Instructions and Overview

In this lab, you will begin to outline a research plan for a data ethnography and analysis project. In the first part of this lab, you will document what you currently know about a topic, along with some research questions that, when addressed, could further your understanding on the topic. In the second part of the assignment, you will begin searching for data that could help address some of the empirical research questions that you devise. Throughout this document, you will be expected to fill responses to prompts into code chunks that have been set to not evaluate when run. You will also be expected to fill in a series of tables. Be sure to reference lab 1 if you are unsure how to go about filling in these sections.

Topic Selection

I have taught this data ethnography and analysis project in a UC Davis course called Data Sense and Exploration twice now, and each time, to help students scope research topics, I have proposed a theme. In Spring 2019, the theme was “social and environmental challenges facing California.” In Spring 2020, the theme was “US social vulnerability in the wake of a pandemic.” In these courses students have selected topics such as:

  • the extent of student debt post-graduation
  • social support for homelessness in major cities
  • changes in avian migratory patterns
  • the impact of industrial GHG emissions on marginalized communities
  • FEMA response to wildfire damage
  • differences in eligibility for supplemental nutrition programs across the US
  • changes domestic violence prevalence over time
  • access to broadband and Internet infrastructure in NYC

The notebooks in this Lab Book are designed to support data research on just about any topic. With this in mind, if you are not already coming to this Lab Book with a particular topic in mind, as you go about selecting a topic, you may consider what issues most matter to you, your family, and your community in the contemporary moment.

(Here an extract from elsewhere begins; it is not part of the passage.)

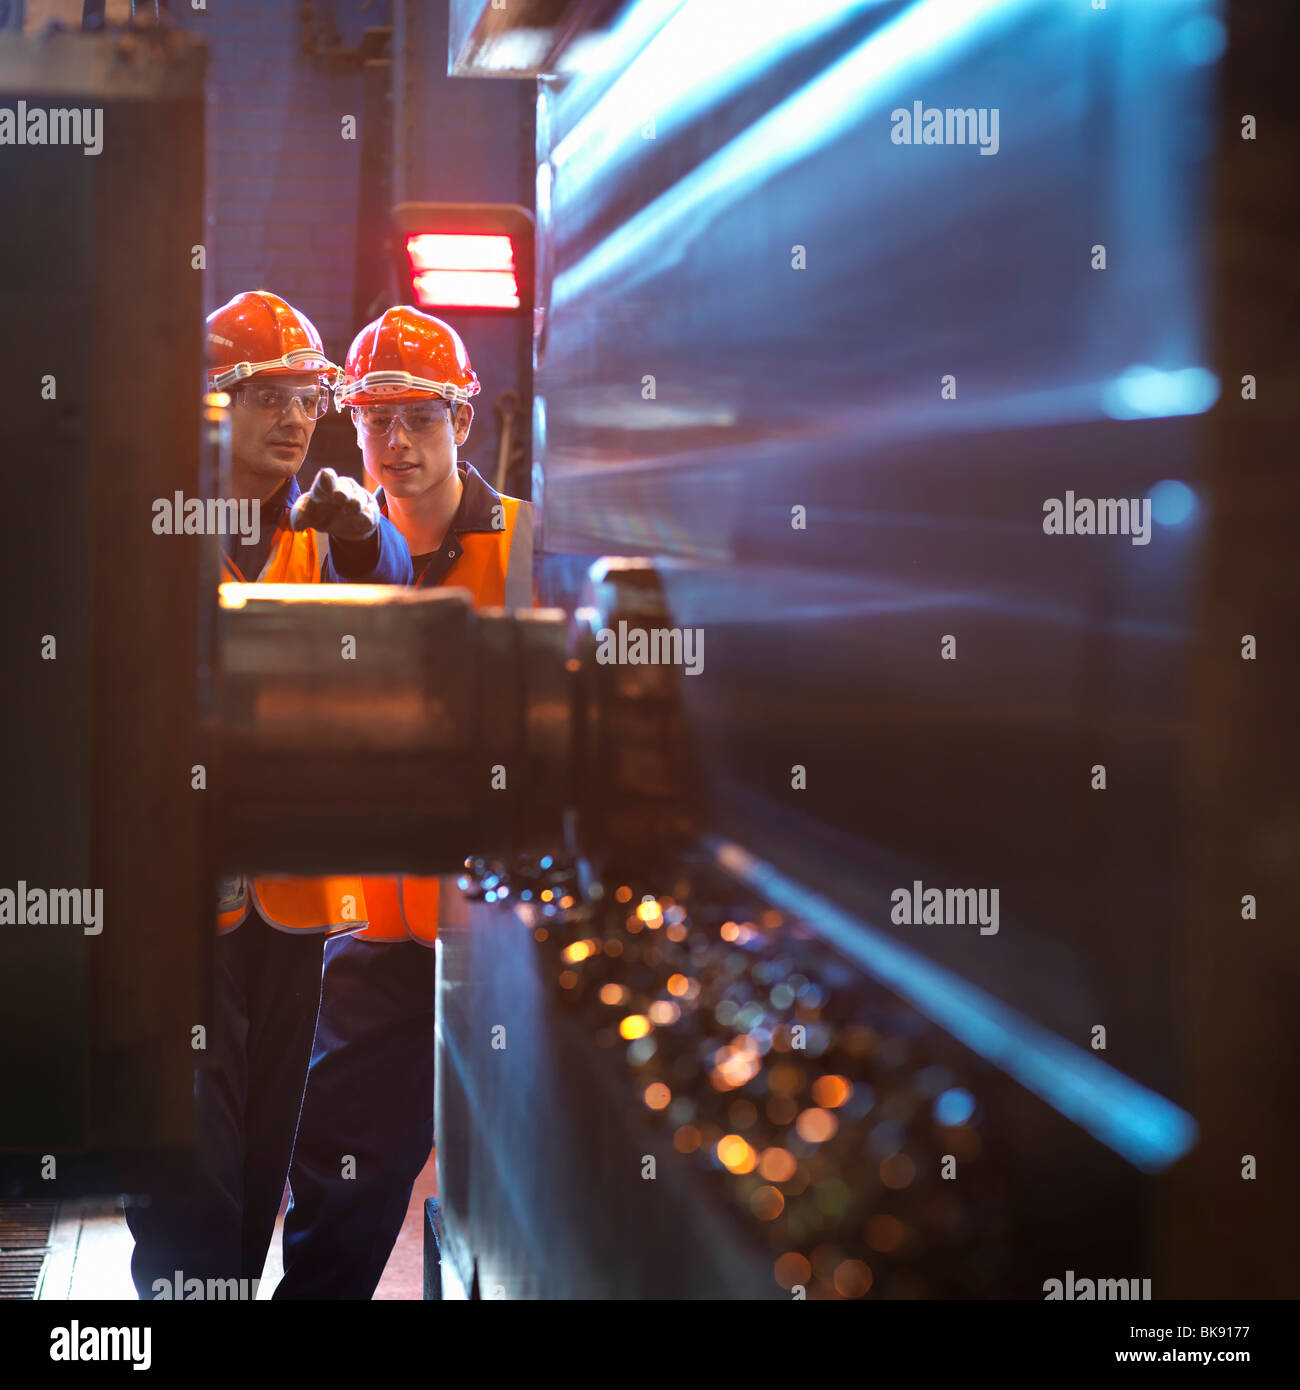 Engineer & Apprentice Using Cutting Tool - Stock Image
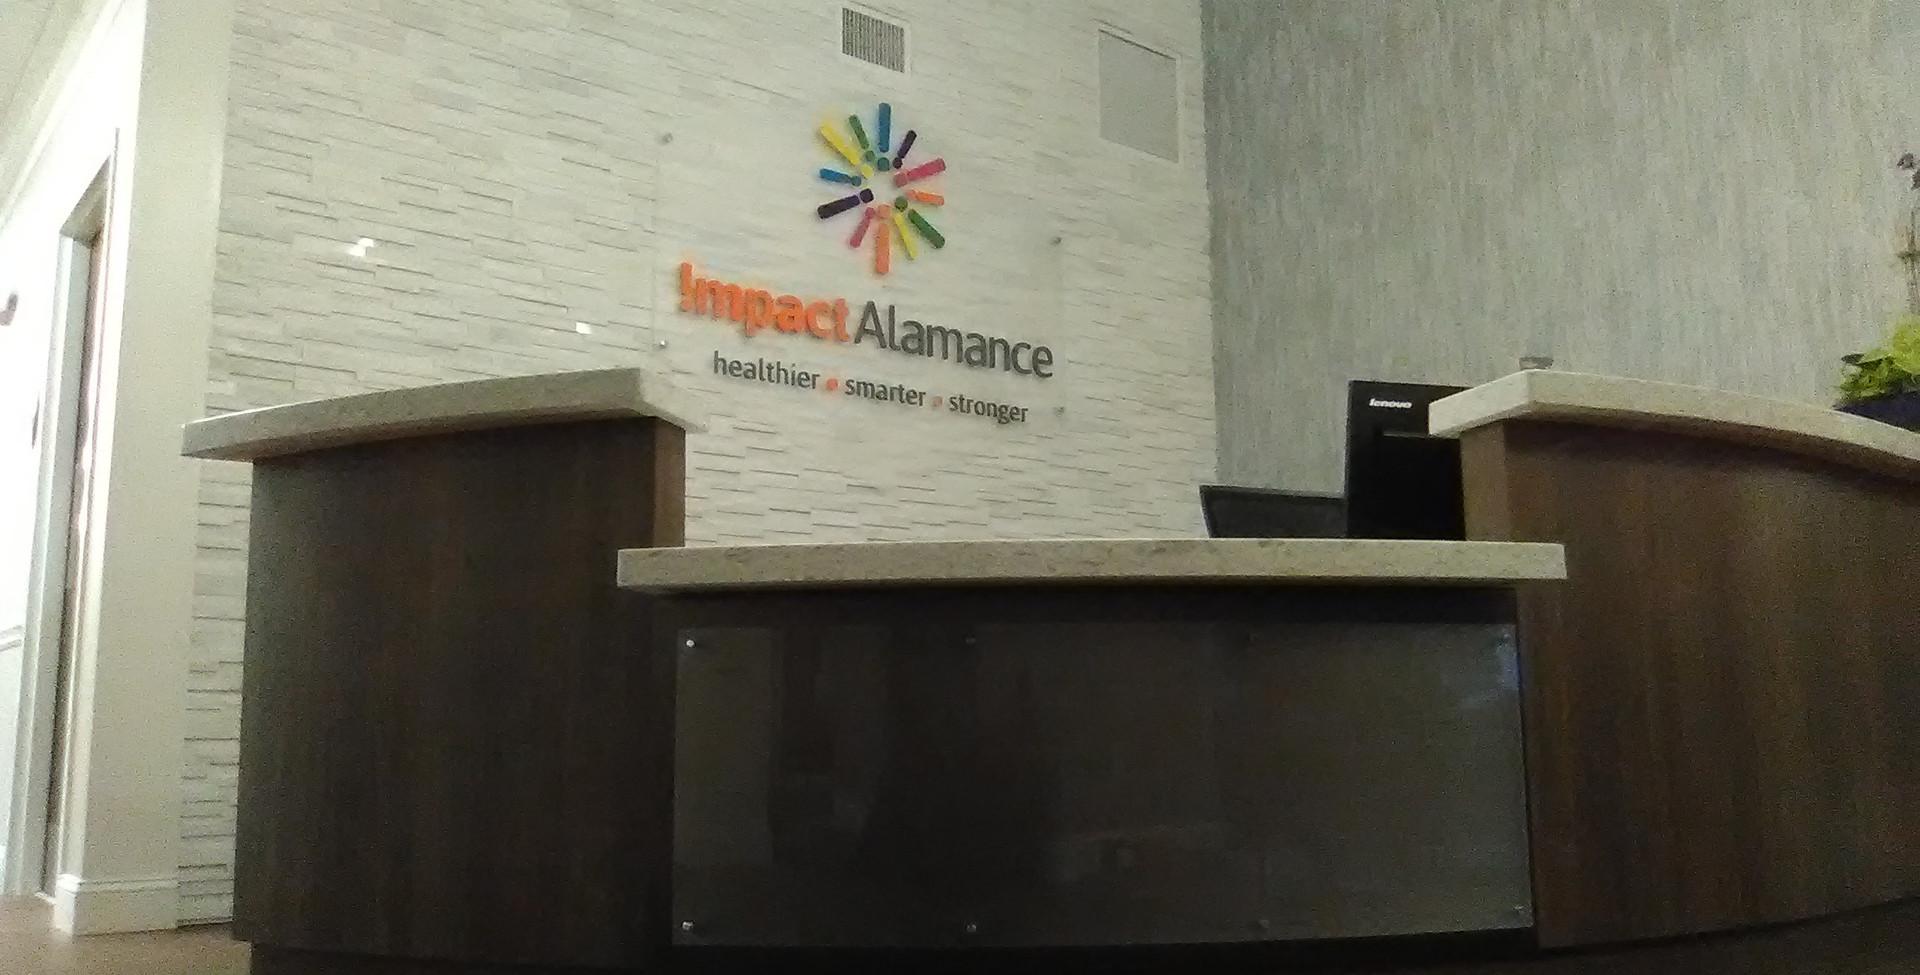 Impact Alamance

What topic am I investigating? (just one phrase here is fine.)

Fill response here. 

Why is this topic important to study right now?

Fill response here. 

Project Contexts

At this point, we are going to begin mapping out some of the project contexts. By this I mean that we are going to put your topic into temporal, geographic, and social-cultural perspective. Imagine that your topic is somehow depicted in the center of a plain white sheet of paper. What details would we need to fill into the background in order to bring this topic to life? We would need to add people. We would need to add environments. We would need to communicate the time and place in which the topic was being depicted. The eight questions below encourage you to draw out these contexts. Note that there is not necessarily a wrong way to answer these questions, and you absolutely do not need to answer them comprehensively. If we tried to respond to them “fully,” we’d probably go on writing forever! Instead I’d like you curate just a few things that come to mind when you consider your topic. Having some of these contexts written out will help you as you are searching for data. For each question below, please respond in 1-2+ complete sentences.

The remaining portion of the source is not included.